Task prompt:
The data should be written out in full, exactly as it stands, and the pictures dropped.

Given material:
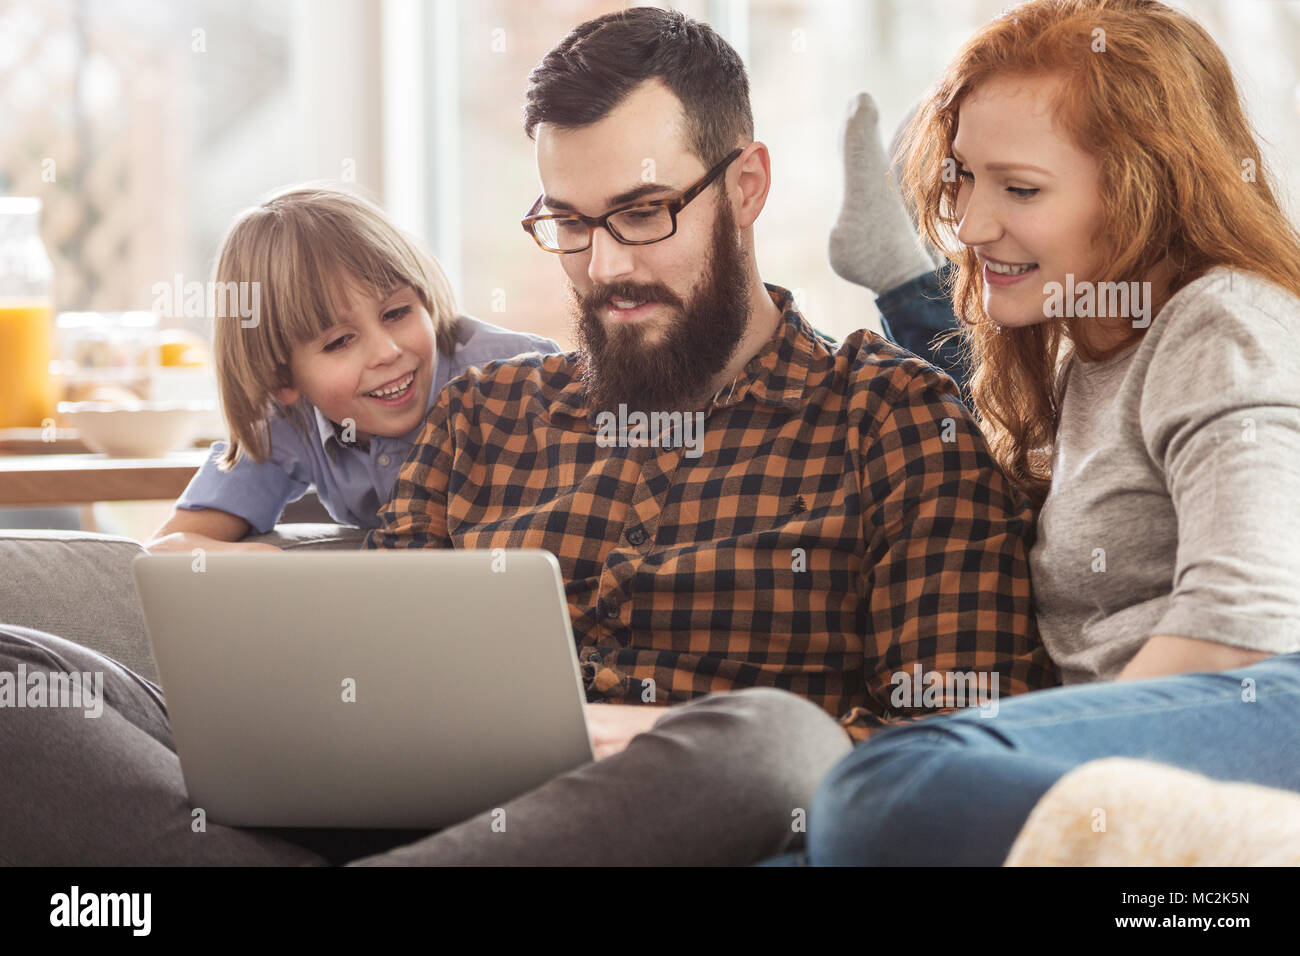 Happy family watching photos together on a laptop while sitting on a couch Stock Photo
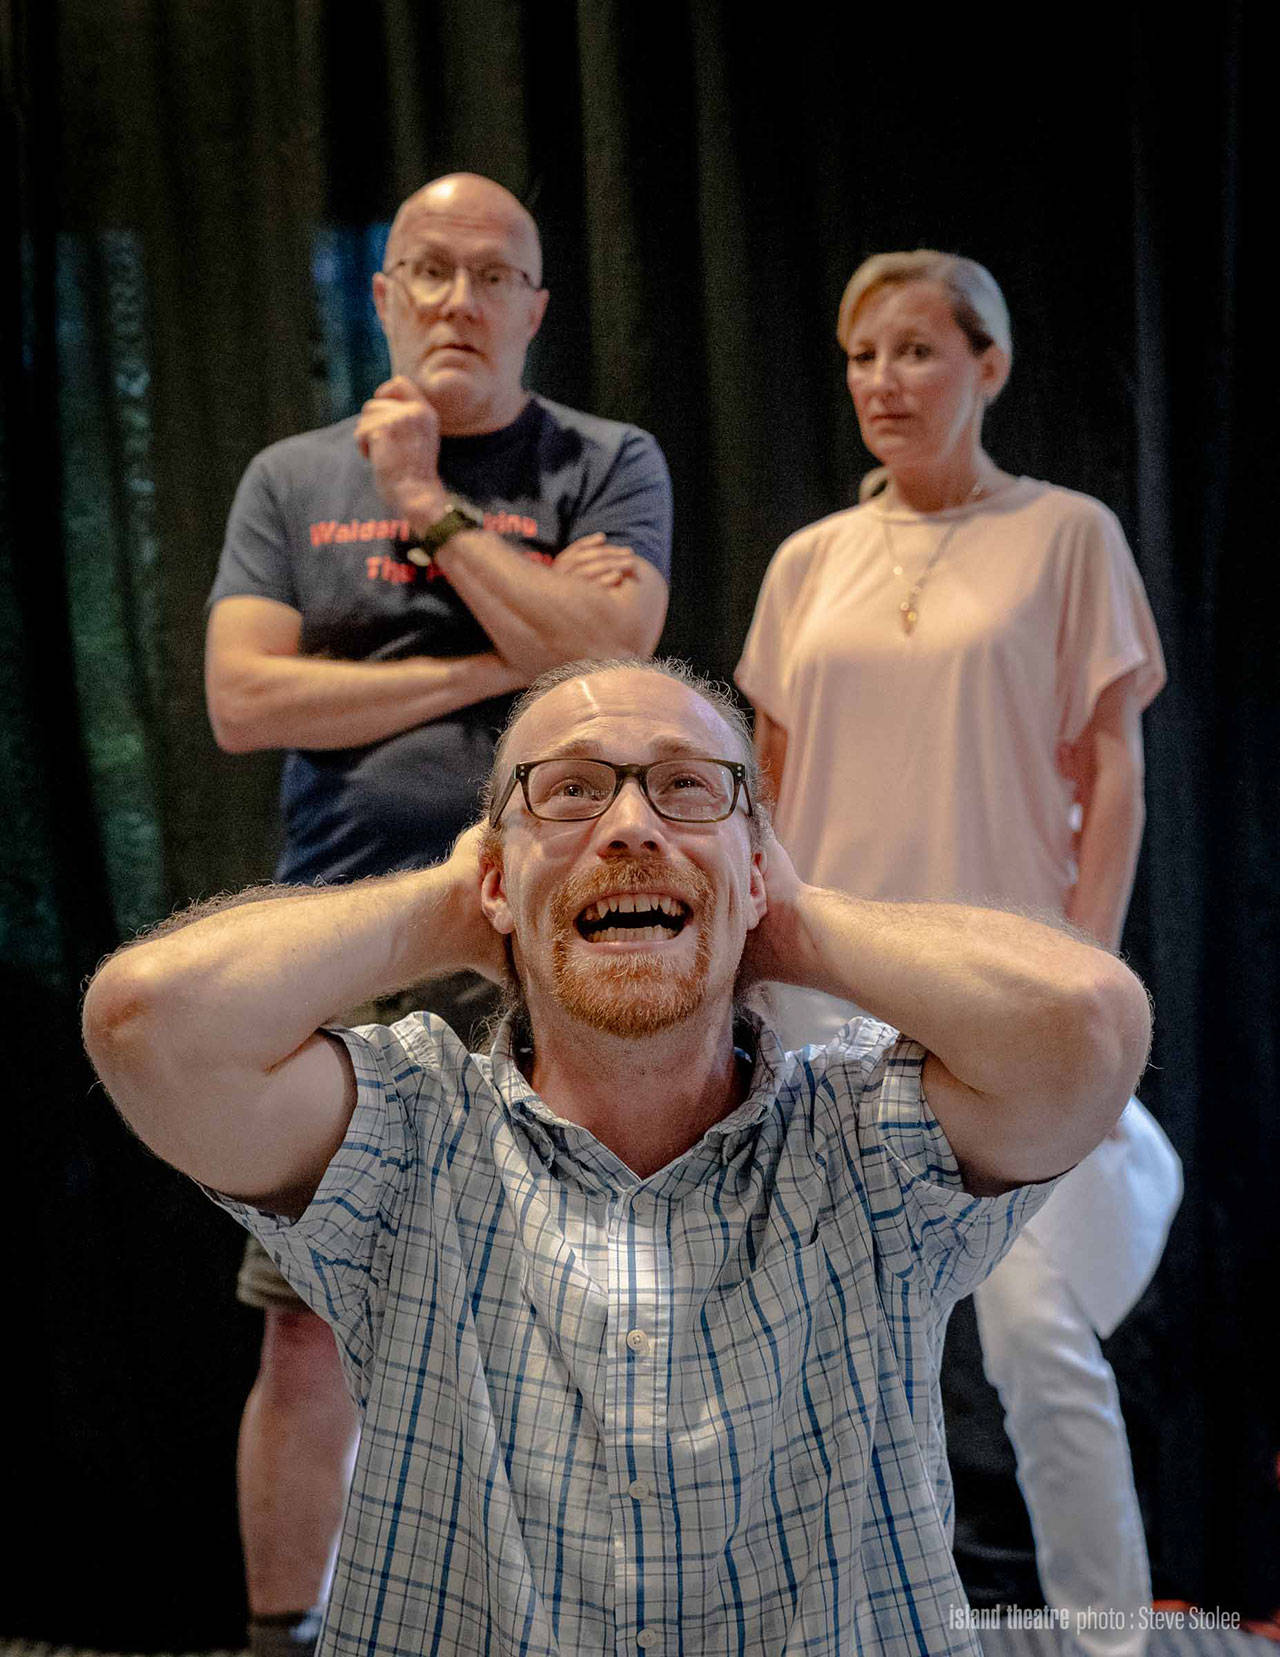 Steve Stolee photo | David Hager, Tammy Byergo and Kristopher Jones compete for a role in “Let Me Finish,” a short play by Dan Rosenberg in this year’s Island Theatre’s Ten-Minute Play Festival.
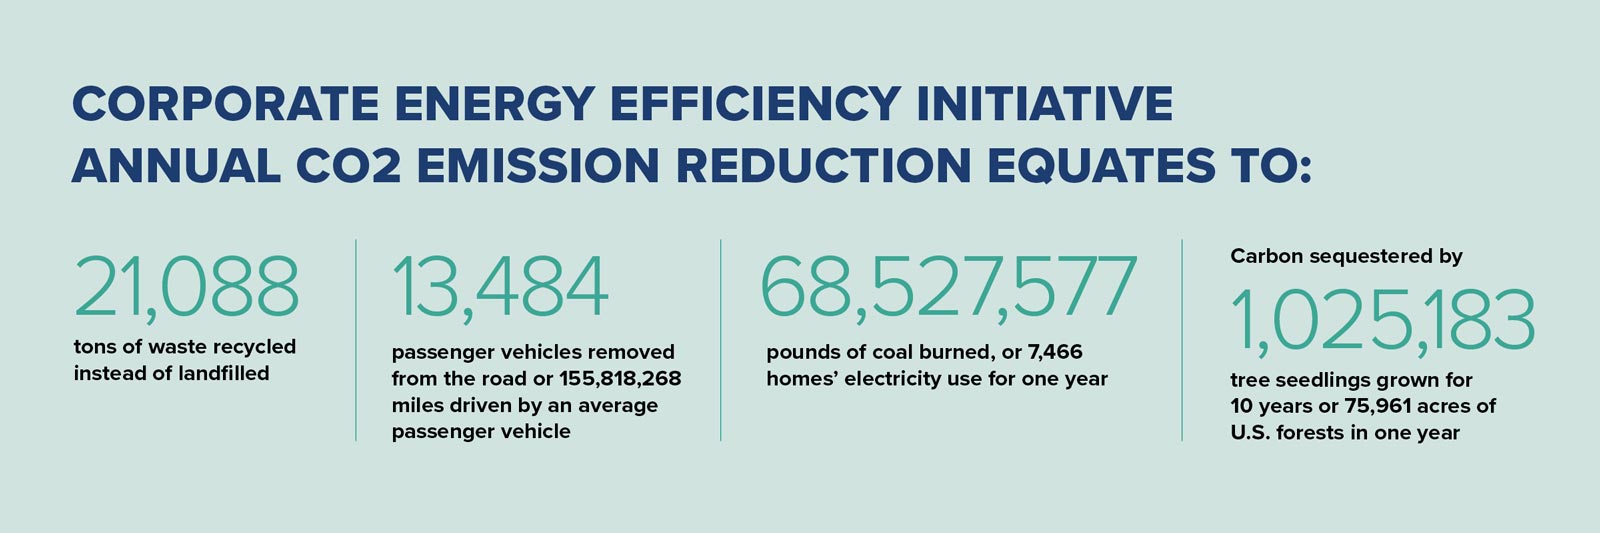 Annual CO2 Emissions Reduction
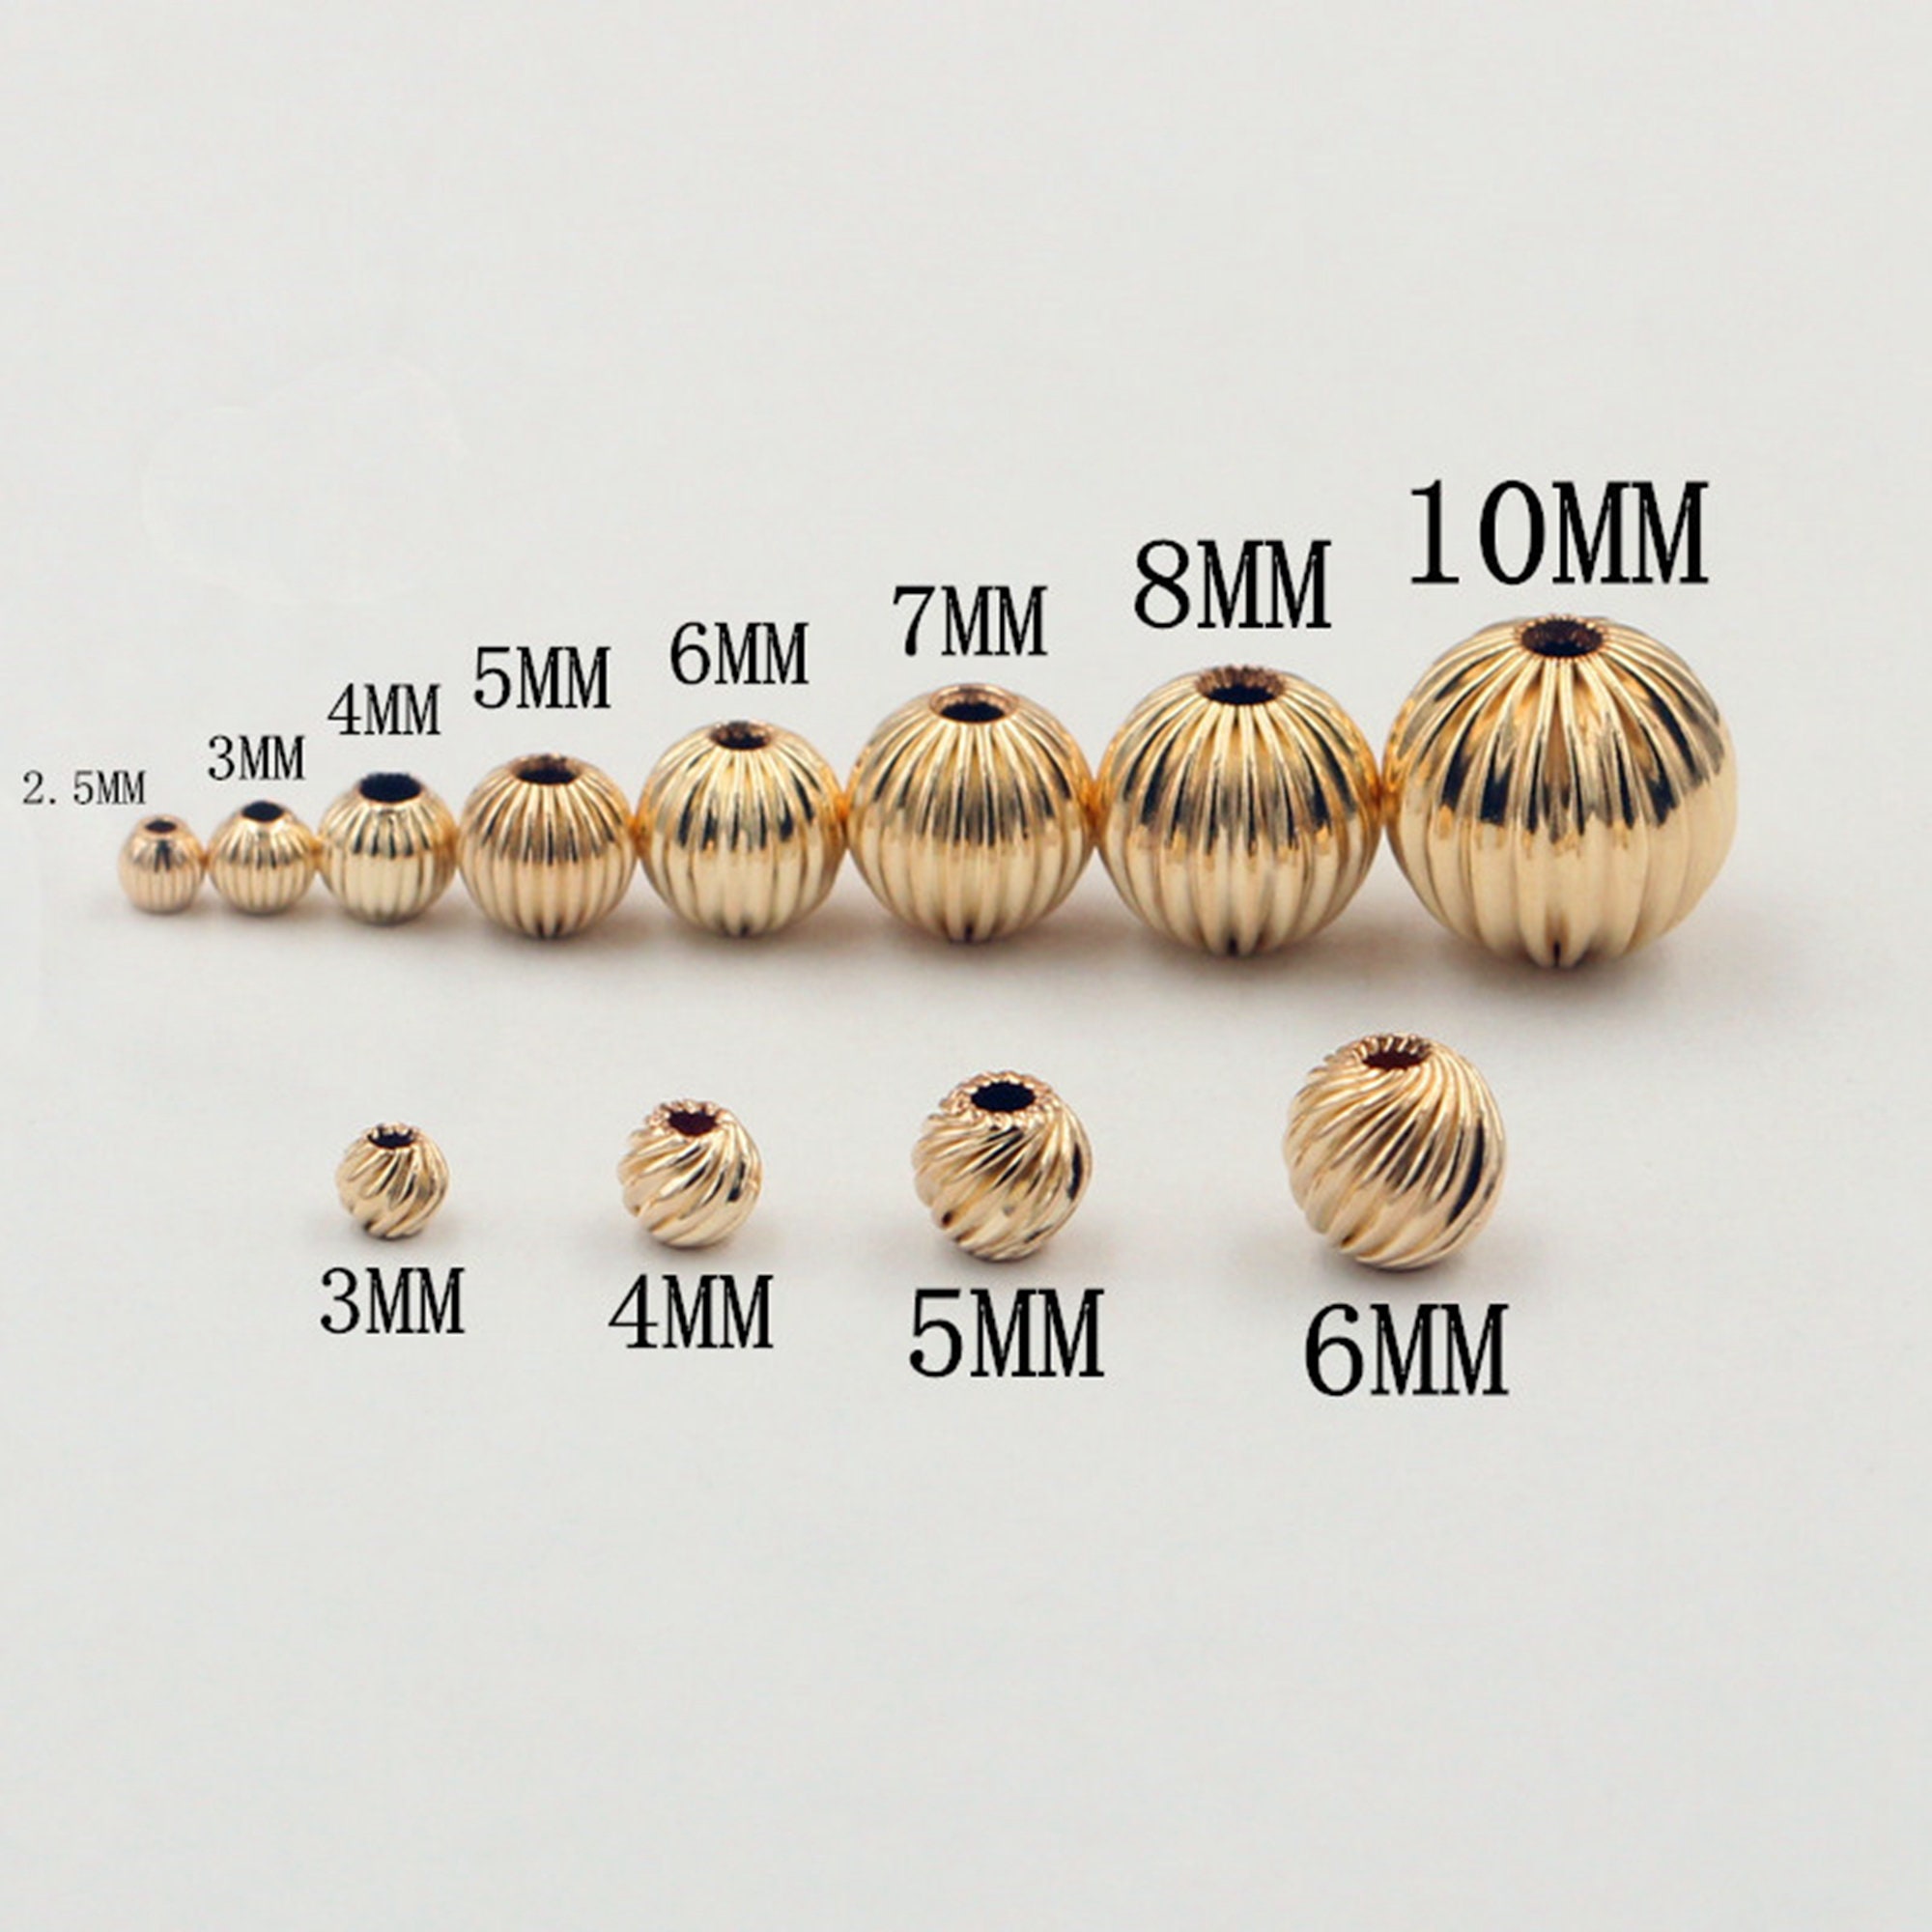 Sterling Silver Crimp Cover Beads, S925 Silver Crimp Beads for Jewelry  Making Supplies, Cover Bead

Solution to this exercise:
 Happy family watching photos together on a laptop while sitting on a couch Stock Photo
 Steve Stolee photo | David Hager, Tammy Byergo and Kristopher Jones compete for a role in “Let Me Finish,” a short play by Dan Rosenberg in this year’s Island Theatre’s Ten-Minute Play Festival.
 Annual CO2 Emissions Reduction
 Sterling Silver Crimp Cover Beads, S925 Silver Crimp Beads for Jewelry  Making Supplies, Cover Bead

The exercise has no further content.